**Recorded information**.
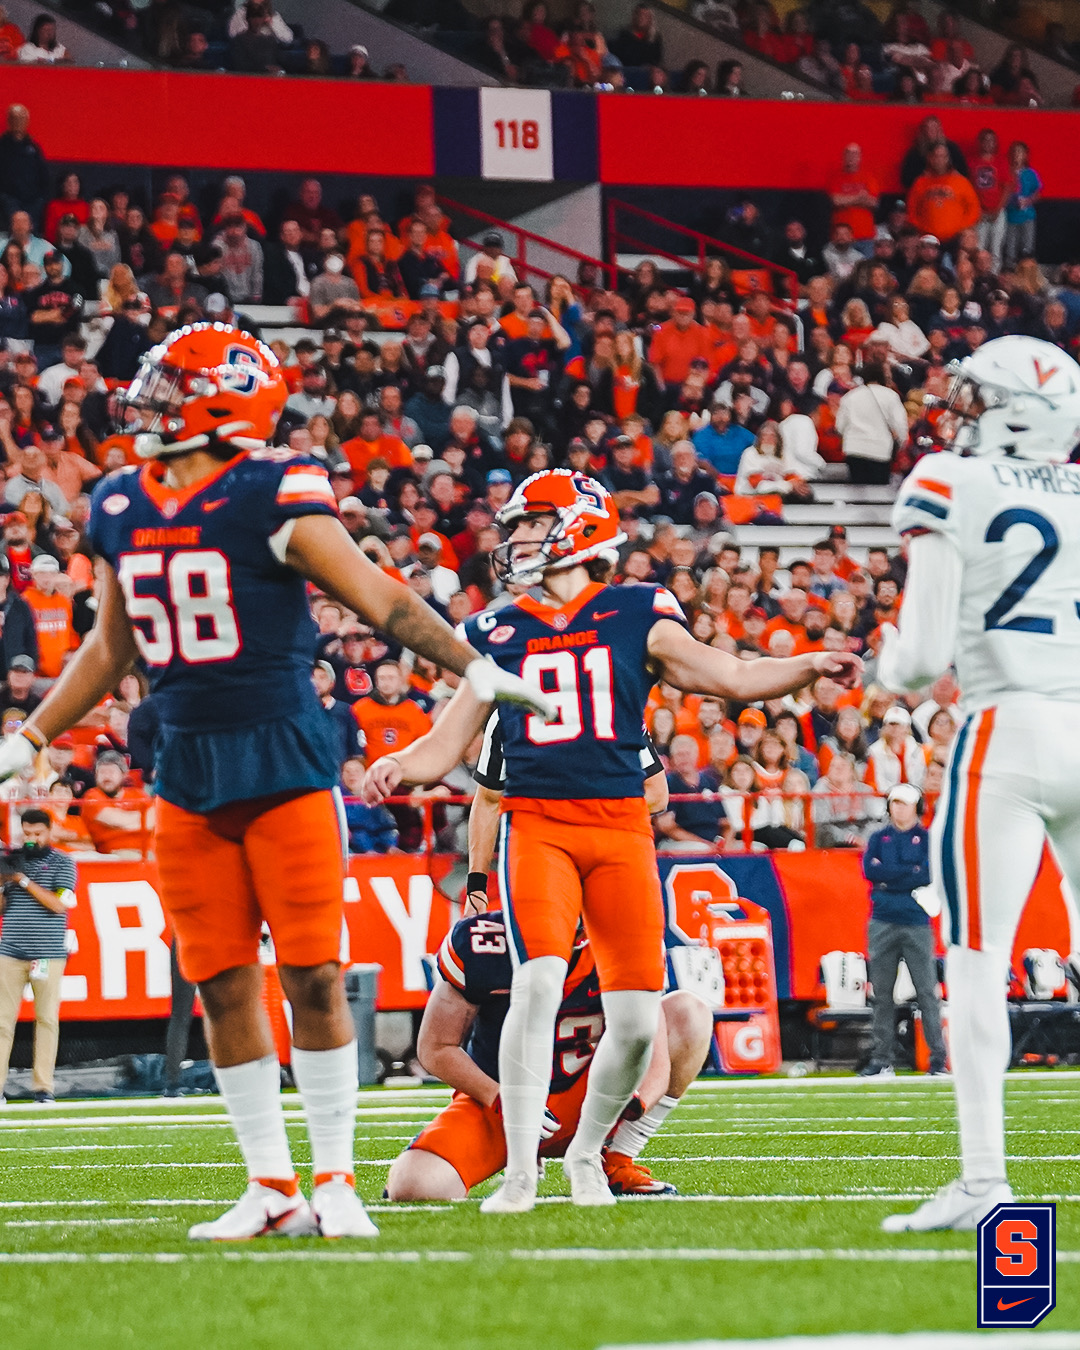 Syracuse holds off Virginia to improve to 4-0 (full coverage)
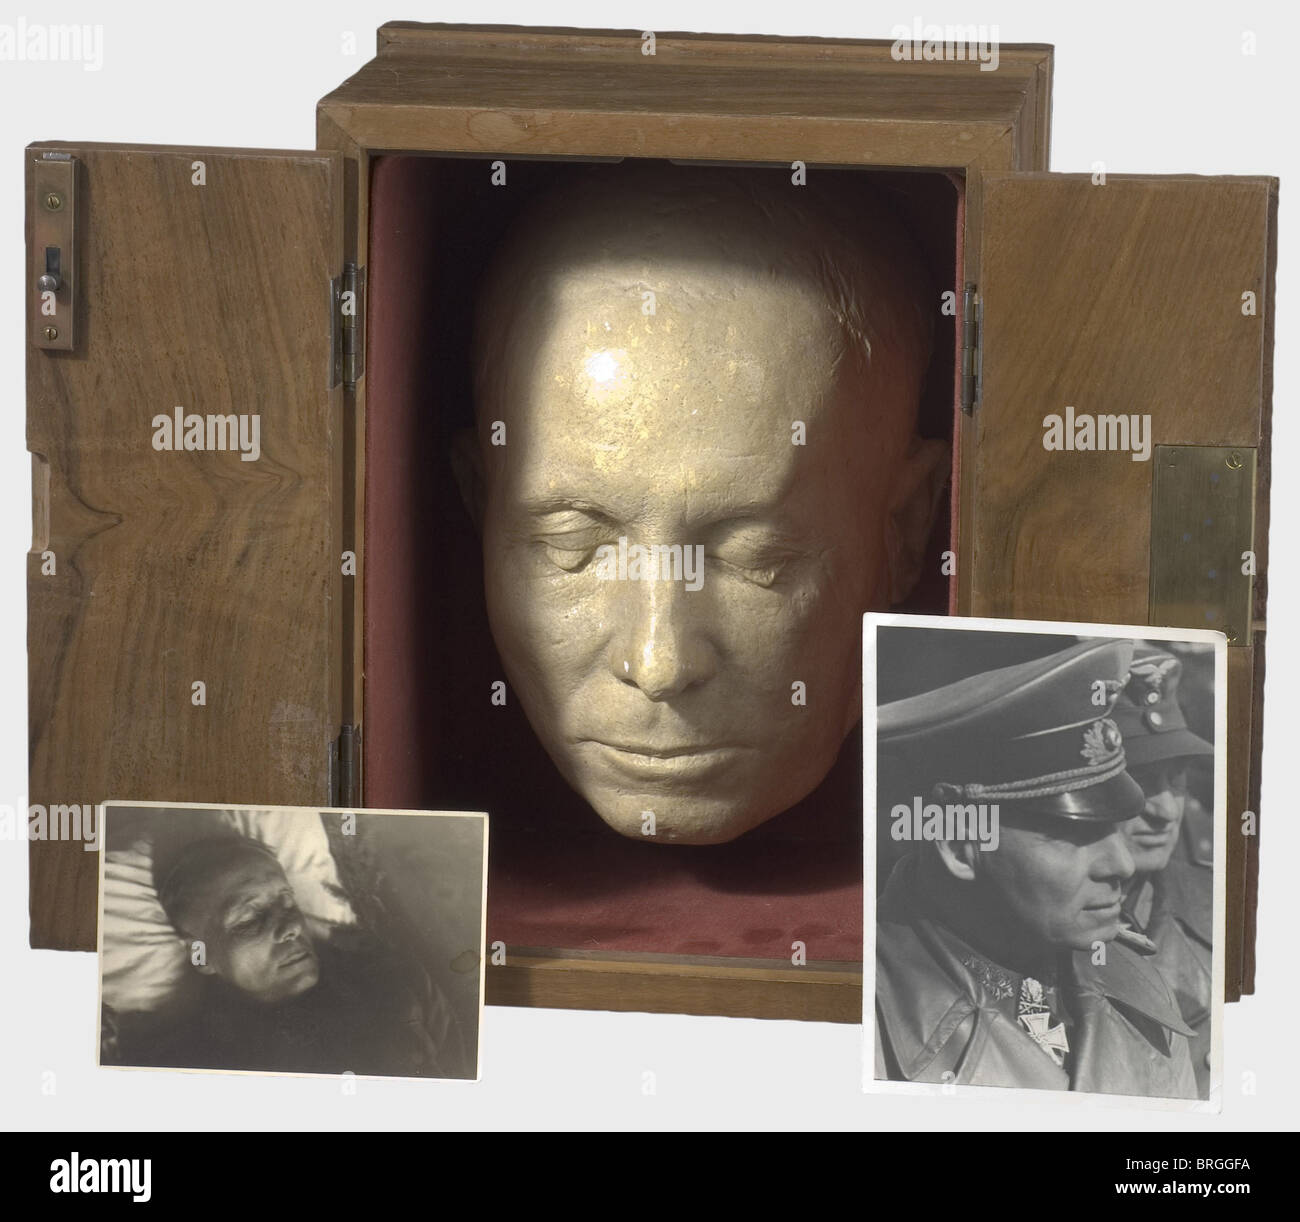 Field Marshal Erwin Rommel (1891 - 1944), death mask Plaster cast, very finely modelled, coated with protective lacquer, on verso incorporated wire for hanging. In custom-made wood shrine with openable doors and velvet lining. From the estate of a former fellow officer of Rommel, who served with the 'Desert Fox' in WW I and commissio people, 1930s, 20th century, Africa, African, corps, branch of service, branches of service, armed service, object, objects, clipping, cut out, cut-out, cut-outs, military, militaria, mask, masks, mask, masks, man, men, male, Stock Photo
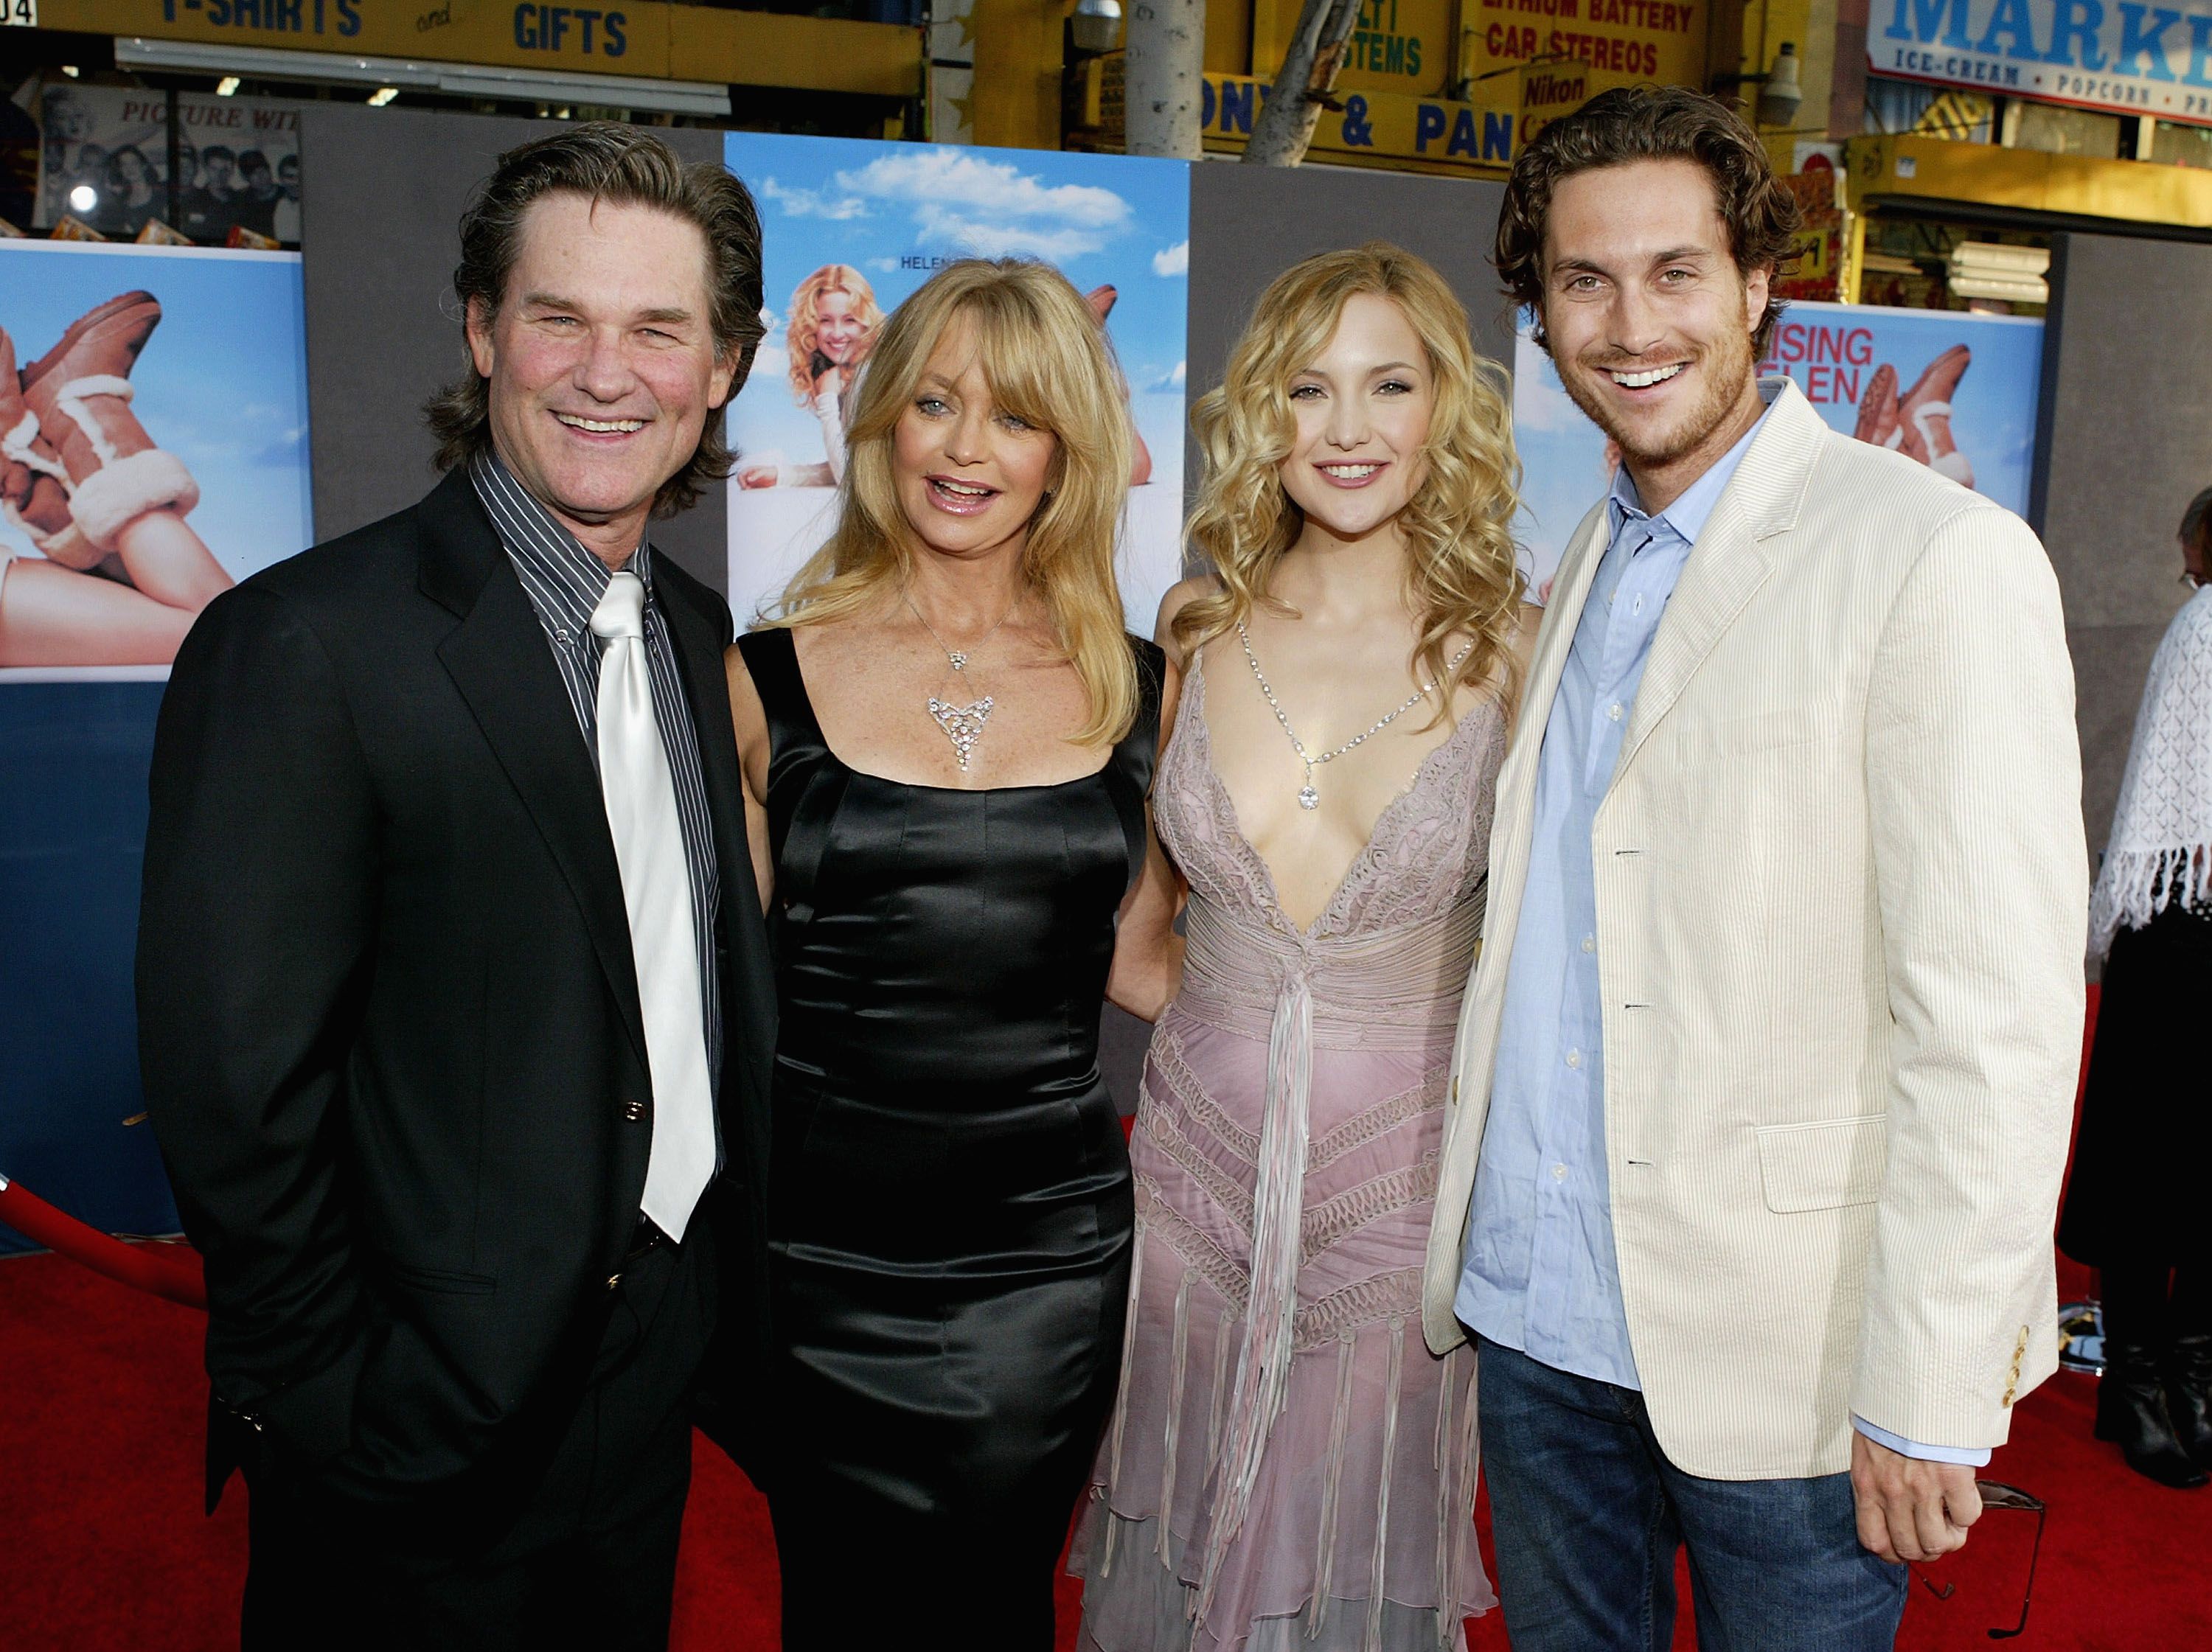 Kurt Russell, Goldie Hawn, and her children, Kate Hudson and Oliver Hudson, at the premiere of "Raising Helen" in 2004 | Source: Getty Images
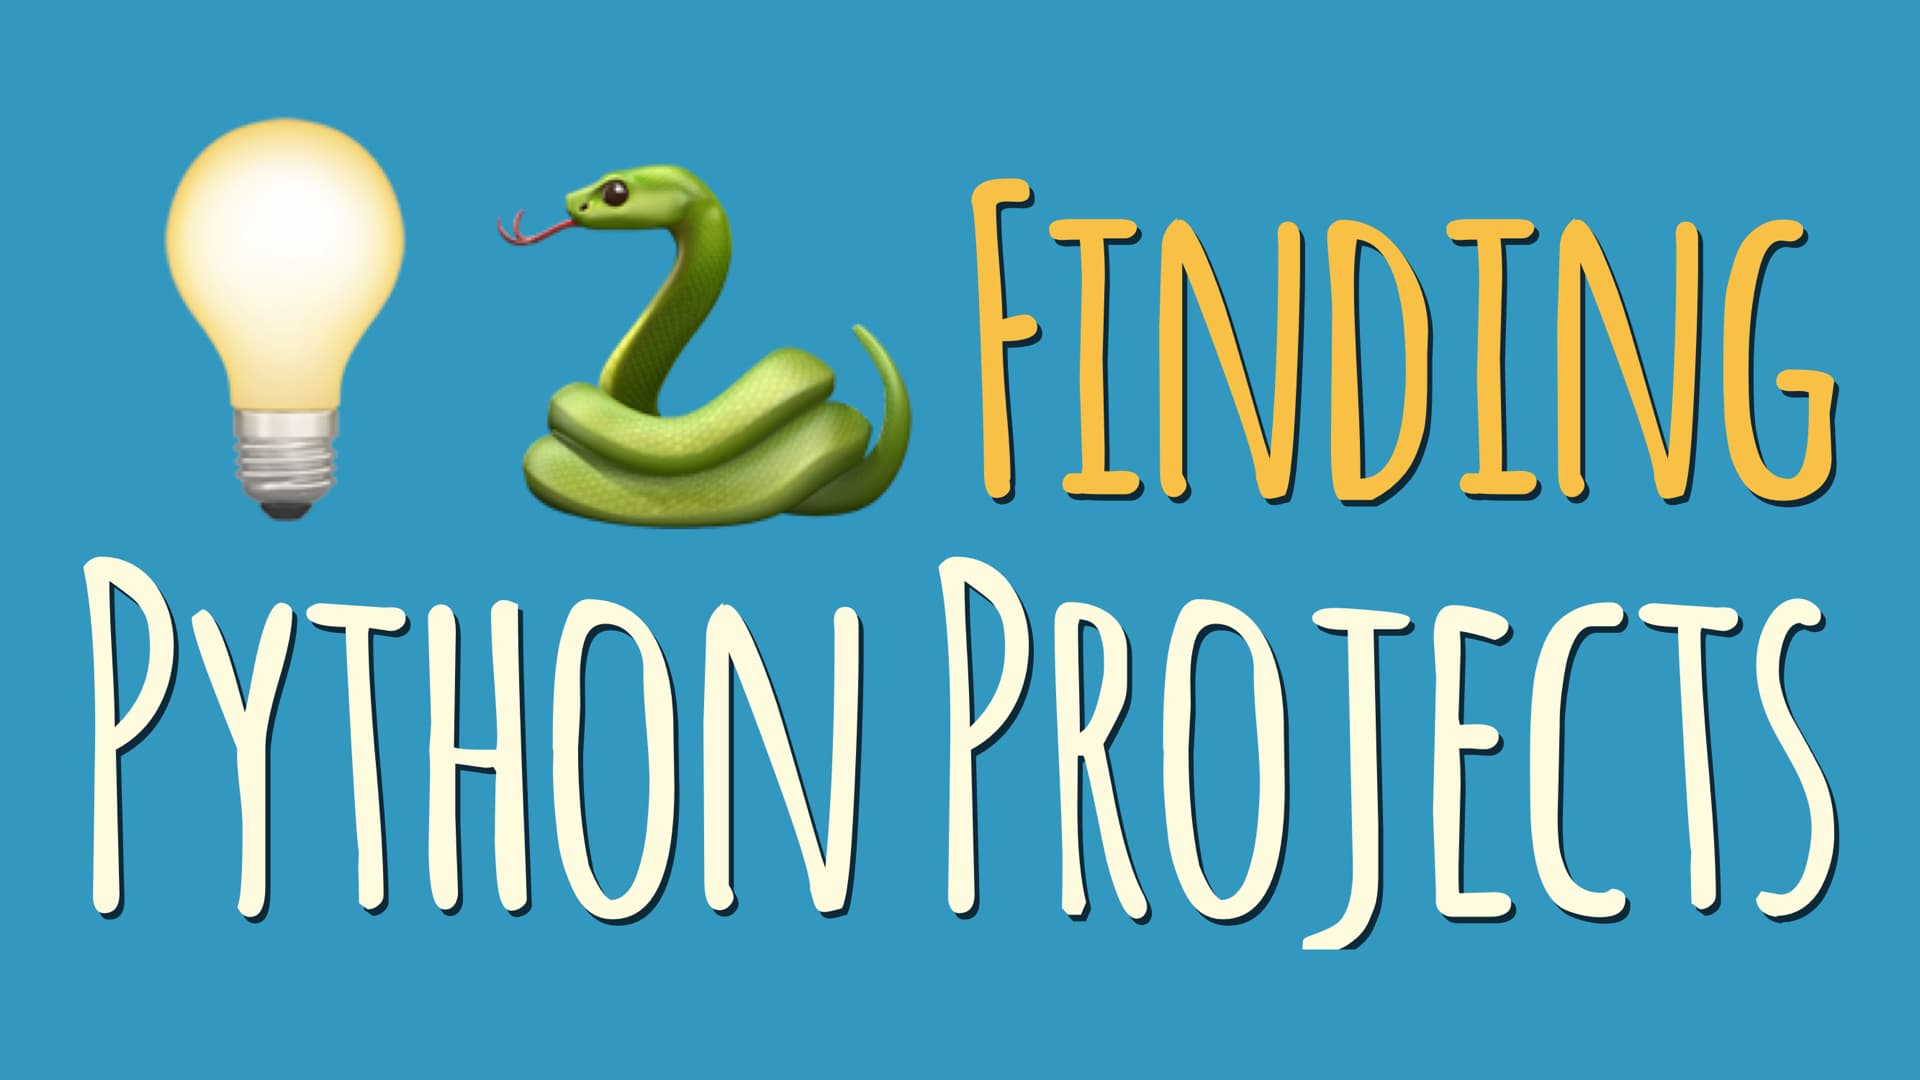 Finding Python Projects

**Exercise instructions**.
Repeat only the lines from the one holding "Kurt Russell, Goldie" through the last line of the data, inclusive. Keep the pictures out.

**Written solution**.
 Kurt Russell, Goldie Hawn, and her children, Kate Hudson and Oliver Hudson, at the premiere of "Raising Helen" in 2004 | Source: Getty Images
 Finding Python Projects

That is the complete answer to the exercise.